Here’s how I know that’s true: I can track the evolution of my self-esteem by what compliments I received and when. The first boy to call me “pretty” when I was 12. The older man who told me I had a cute philtrum at 14. The freshman-year girlfriend who called one of my Facebook selfies “scintillating.” The sophomore-year FWB who raved about how soft my labia felt in her mouth. The senior-year boyfriend who called my dorky honesty “sexy.” The college boyfriend who went on and on (and on and on!) about my soft skin, handjob skillz, and on-point winged eyeliner.
(Ooooof. I am glowing with happiness just from writing those out! See what I mean about the power of compliments?)
Self-love gurus will tell you self-acceptance comes from within, and I think that’s true – there were times when I just wasn’t in the right headspace to hear, accept, and digest compliments. But I think a well-timed compliment, given with love and by the right person, can give you the shove you need on your journey toward self-love. That’s definitely how it worked for me.
Here are some tips on how to give a compliment that can literally change someone’s life…
Be genuine.
This should go without saying, and yet, it’s important enough that I have to say it. If you compliment someone, make sure you mean it! I’m sure you can find something about practically anyone that you like enough to compliment them on, even if it’s just their shoes or the way they pronounce a certain word.
Pay attention to what they put effort into.
I promise you, you will absolutely make someone’s day if you notice something about them that they evidently care about and then compliment them on it.
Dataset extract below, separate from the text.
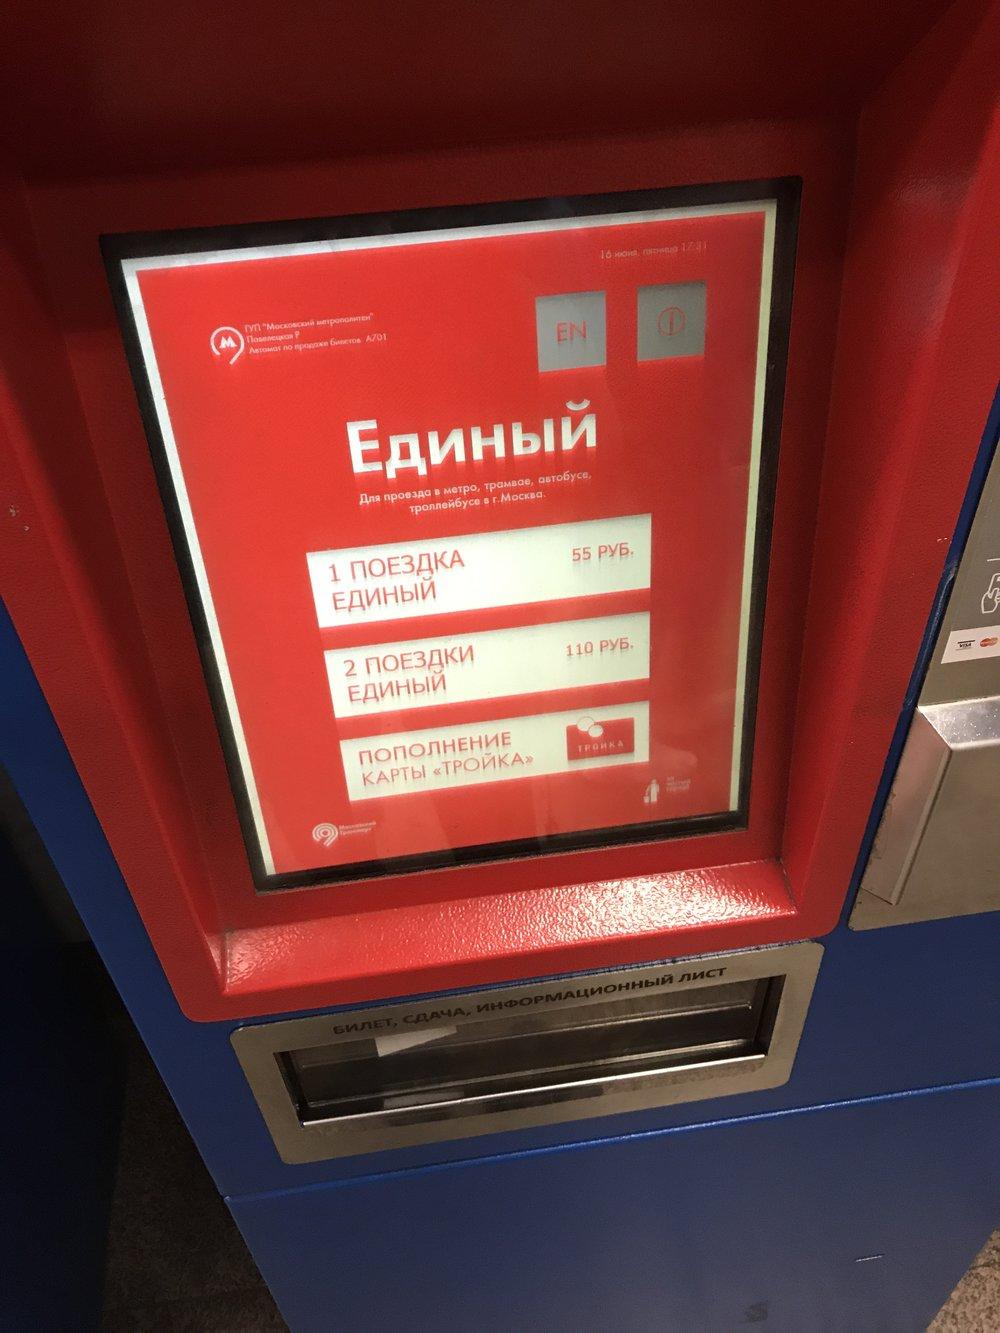 جهاز بيع تذاكر المترو وسط المدينة ٦٠ روبل

It might be physical: their perfectly-blended eyeshadow, color-coordinated outfit, or spiffy new haircut. It might be an aspect of their personality: their bravery, intelligence, humor. It might be something they do particularly well: playing guitar, baking brownies, or maintaining a flawlessly curated Pinterest page.
Notice this stuff. Say something about it. Let them see that their efforts have been appreciated.
Compliment what’s rarely complimented.
I learned this trick because I grew up smart but plain-looking, and I had a friend who was beautiful but only got average grades. She was constantly told how pretty she was, and it eventually made her doubt herself in other areas (intelligence, humor, etc). By contrast, I was frequently praised for being clever, which made me wonder if I was unimaginably hideous. What other explanation could there be?
While making sure to remain genuine, look for something that your complimentee probably doesn’t get praised for very often. Something other people tend to gloss over, ignore, or just don’t see.
Use unusual words.
A few reasons for this:
1. Your compliment will seem more genuine, intentional, and thought-out if your language isn’t generic. It shows that you had to actually scan your brain and select the best word from a number of different possibilities, instead of reaching for what came easiest.
2. Weird and wacky language is more memorable. You want your complimentee to remember your comment for days, weeks, months, or even years, instead of just forgetting it the moment they say “Thank you.” So choose words that will stick in their head (in a good way!).
3. The way our brains work, we actually absorb information better if it’s given to us in a way that requires a little mental effort. Words like “beautiful” and “amazing” are thrown out so often that we barely hear them or process them. A rarer word requires additional processing and is therefore likelier to sink in.
Instead of “beautiful,” try “radiant,” “dazzling,” or “foxy.”
Instead of “great” (as in, great shoes, great hair, great outfit!), try “exquisite,” “groovy,” or “magnificent.”
Instead of “sexy” or “hot,” try “ravishing,” “captivating,” or “delectable”!
And don’t forget to throw some strange adverbs in there. “Very,” “incredibly” and “totally” can be replaced with words like “astonishingly,” “strikingly” and “exceptionally”! (If this kind of language feels too formal/fancy for you, I can personally attest to the effectiveness of “hella” as a pre-compliment adverb.)
Let go of expectations.
It’s suuuuper annoying when someone compliments you and then just stares at you, like they want you to… what? Compliment them back? Deny the truth of what they said? Confess your love and elope with them to Paris?
Please don’t ever make someone feel like they owe you something in exchange for your compliment. A “thank you” is pretty much all you’re owed – maybe not even that. (Some people have been socialized in such a way that it’s hard for them to say “thank you” when they’re complimented, so they might deny what you’ve said. Please don’t argue with them too much. There are social and psychological reasons why they do this – and your compliment likely lifted their mood even if they don’t act like it.)
What’s the best compliment you’ve ever received?